The three cases dealt with quite different issues.
In National Institute of Family Life Advocates v. Becerra, a 5-4 majority of the court overturned a California statute that required anti-abortion crisis pregnancy centers to inform clients where they could obtain free or inexpensive abortions — something the centers regard as homicide.
The same 5-4 majority in a second case, Janus v. American Federation of State, County and Municipal Employees, reversed a 41-year-old precedent and ruled that public employees don’t have to pay unions fees that cover the cost of collective bargaining. Echoing a position taken by then-President Franklin Roosevelt in the 1930s, the court reasoned that collective bargaining with a public employer is inevitably a political matter, and that forcing employees to finance it is compelling them to subsidize political speech with which they disagree.
In the third case, Masterpiece Cakeshop Ltd. v. Colorado Civil Rights Commission, the court avoided a direct decision on whether a baker, whose Christian belief opposed same-sex marriage, could refuse to design a custom wedding cake for a same-sex couple, contrary to a state law that bars discrimination against gays. Seven justices ruled that the commission showed an impermissible animus against religion, but the four liberal justices endorsed a separate opinion indicating they’d rule against the baker otherwise.
Rational arguments can now be made for the dissenters’ positions. In Becerra, they argued that the law simply prevented misleading advertising; in Janus, they argued that union members should pay for services rendered; in Masterpiece Cakeshop, they argued that selling a cake is a routine service, not a form of expression. You may not agree, but you can see why others might make these arguments.
But are they “liberal”? That word comes from a Latin root that means “free.”
And “free” is the keyword in the First Amendment to the Constitution, which bars Congress from passing laws “prohibiting the free exercise” of religion or “abridging the freedom of speech or of the press.”
The Supreme Court First Amendment jurisprudence got its start almost exactly 100 years ago, in cases challenging laws passed by a Democratic Congress and endorsed by a Democratic administration, prohibiting opposition to the government and, specifically, American participation in World War I.
The justices hesitated to block such prosecutions, but those considered “liberal” — Republican appointee Justice Oliver Wendell Holmes and Democratic appointee Justice Louis Brandeis — were most likely to look askance. The American Civil Liberties Union was founded in 1920 to defend the free speech rights of everyone, even vile extremists.
Unhappily, the ACLU today subordinates free speech to other values, like defending the sensibilities of certain students on campuses. And other liberals have been moving in the same direction. It’s less important for them that people say what they think and more important that they say what the government requires.

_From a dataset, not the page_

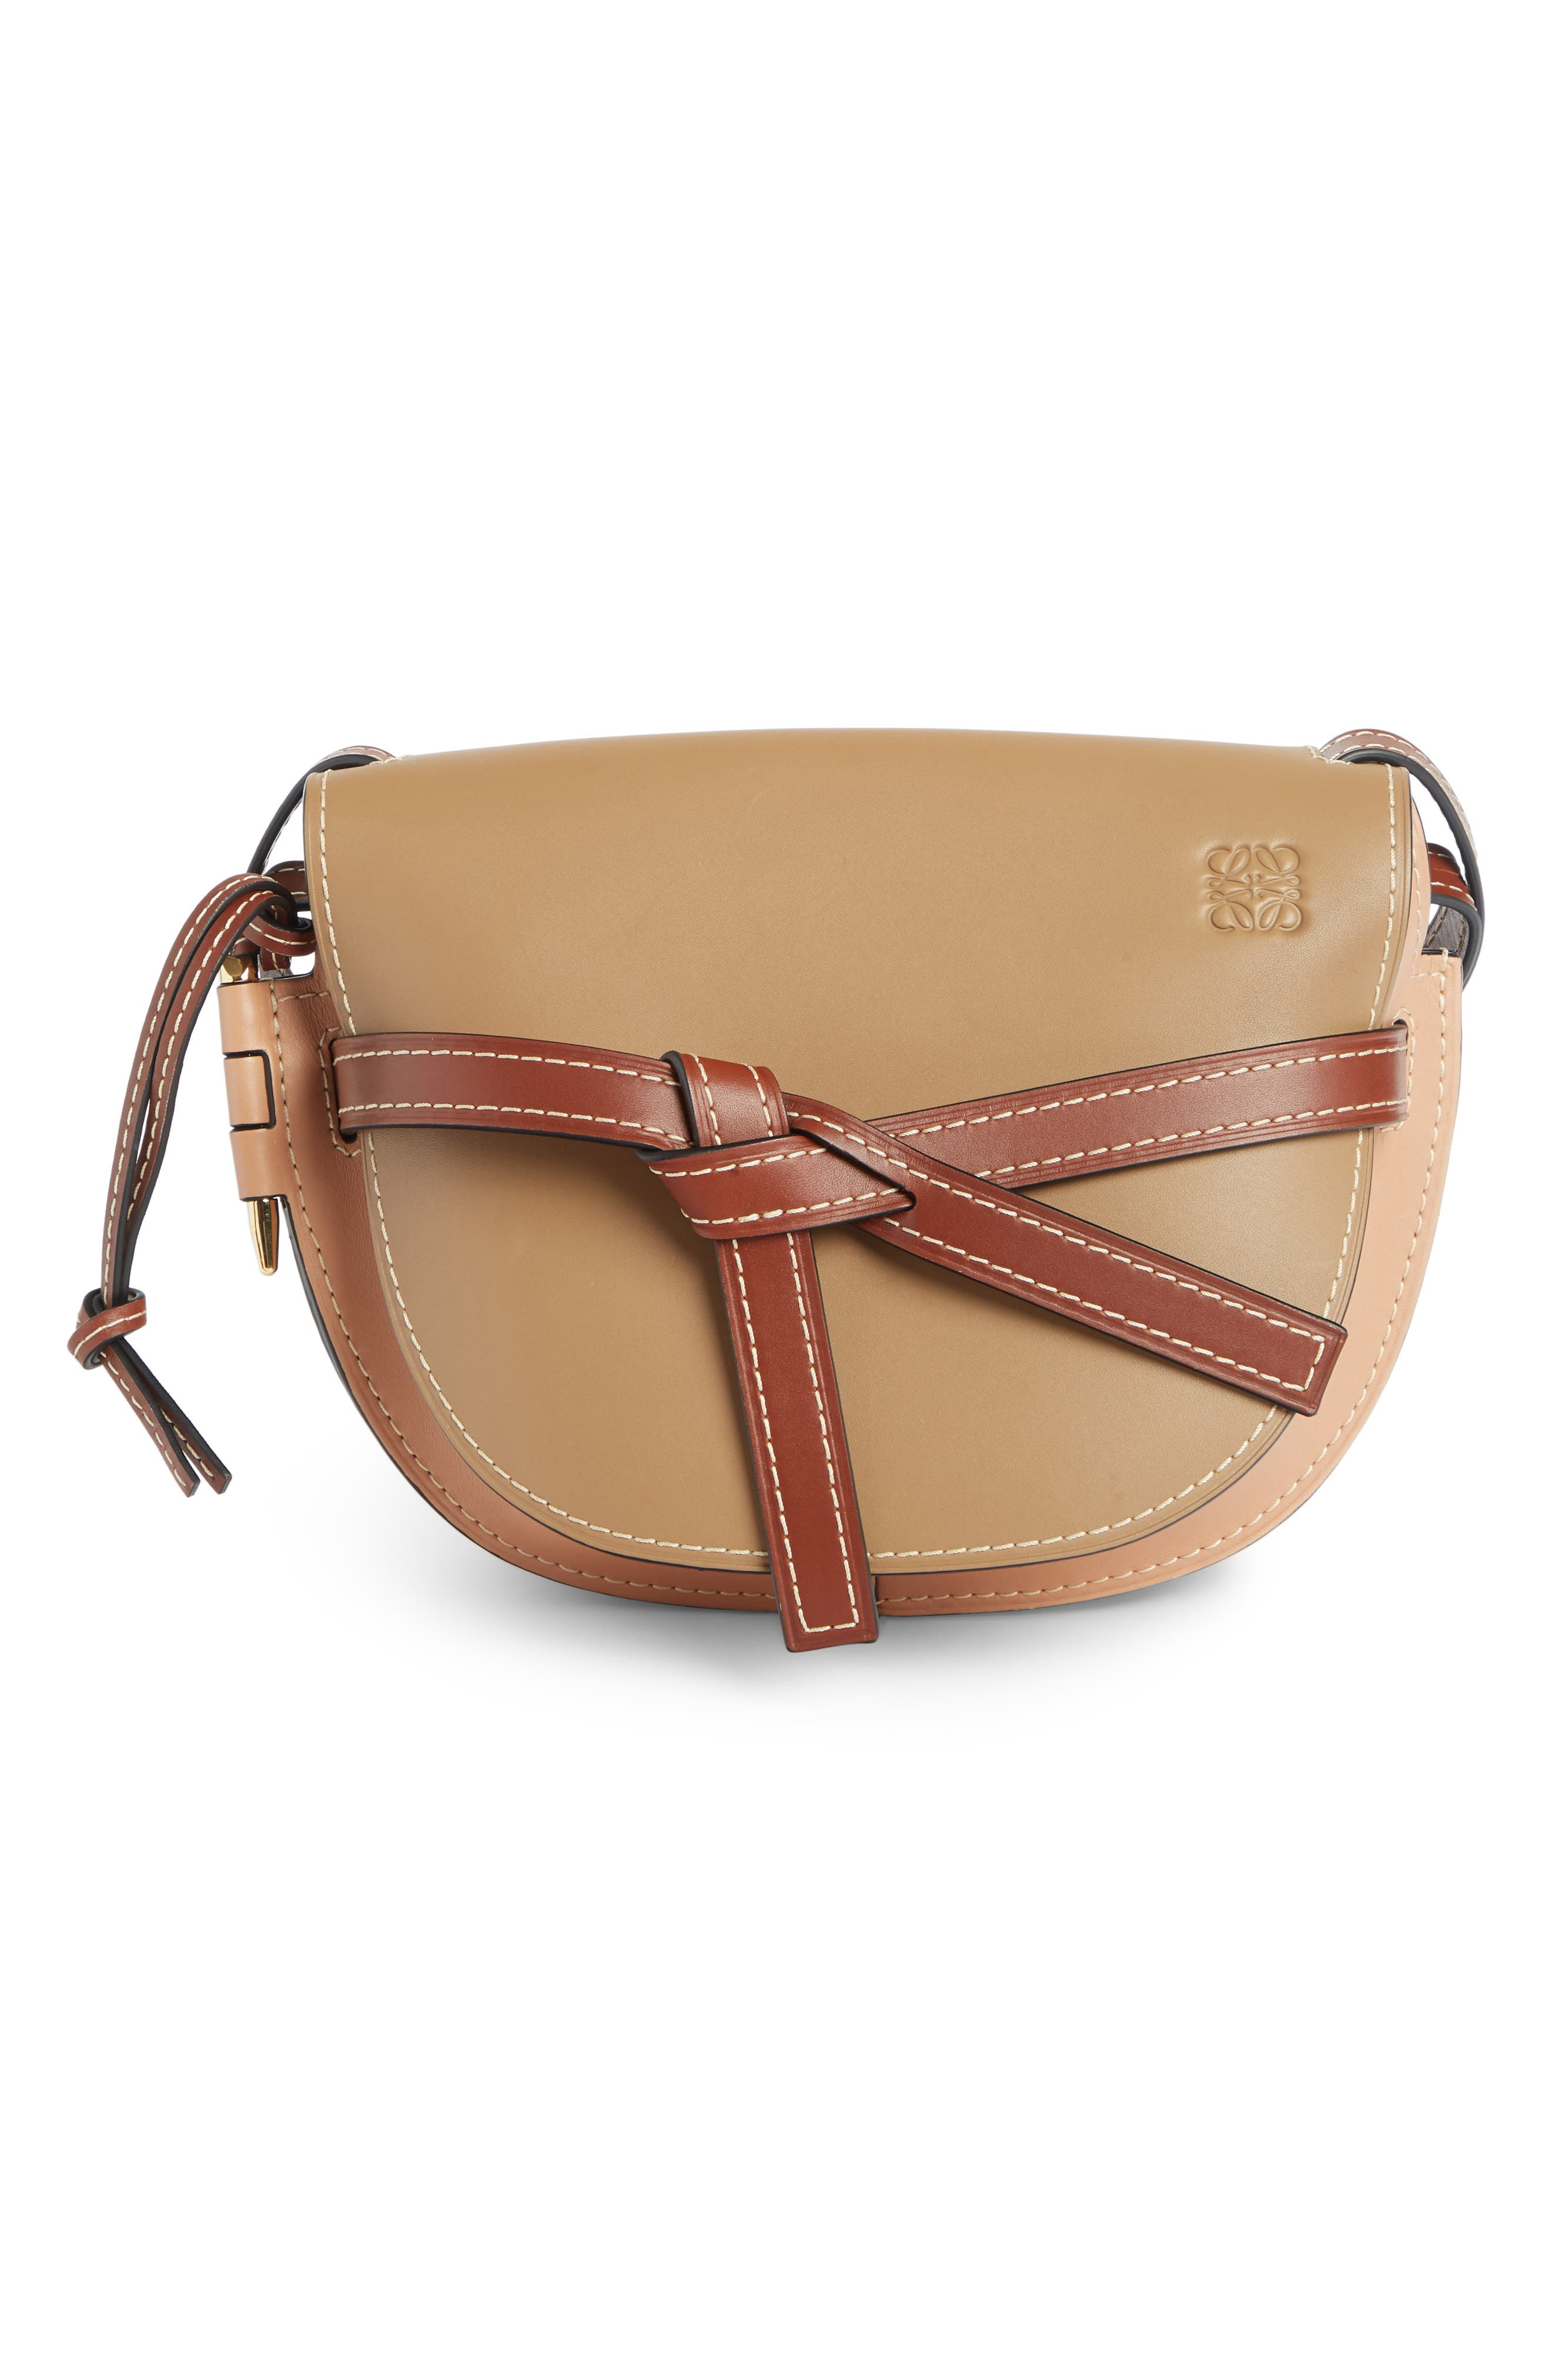 Loewe Gate Small Leather Crossbody Bag   Nordstrom

In his Bagehot blog, the Economist’s Adrian Wooldridge describes the process. Historically, he says, liberals understood that conflict was inevitable and tried to foster freedom based on their distrust of power, faith in progress and belief in civic respect. But today, Wooldridge writes, “liberalism as a philosophy has been captured by a technocratic-managerial-cosmopolitan elite.” They have moved from making “a critique of the existing power structure” to becoming “one of the most powerful elites in history.” In response, we see “a revolt of the provinces against the city”: Brexit, Donald Trump. In counter-response, as Niall Ferguson puts it in a column for The Times of London, “‘liberals’ are increasingly authoritarian.”
Like the “liberal” Supreme Court justices, who don’t see a constitutional problem with compelling crisis pregnancy centers to send messages they find repugnant, or requiring union members to subsidize political speech they disagree with, or forcing people to participate in ceremonies prohibited by their religion.
In the process, they are providing support for Friedrich Hayek‘s argument in “The Road to Serfdom” that moving toward socialism means moving toward authoritarianism. And they seem to not have noticed Yale Law Professor Stephen Carter‘s observation, as quoted in The Atlantic, that “every law is violent” because “Behind every exercise of law stands the sheriff.”
Carter calls for “a degree of humility” in passing and enforcing laws that compel speech against conscience — something today’s “liberals” seem to have forgotten.
Michael Barone is a senior political analyst for the Washington Examiner, resident fellow at the American Enterprise Institute and longtime co-author of The Almanac of American Politics.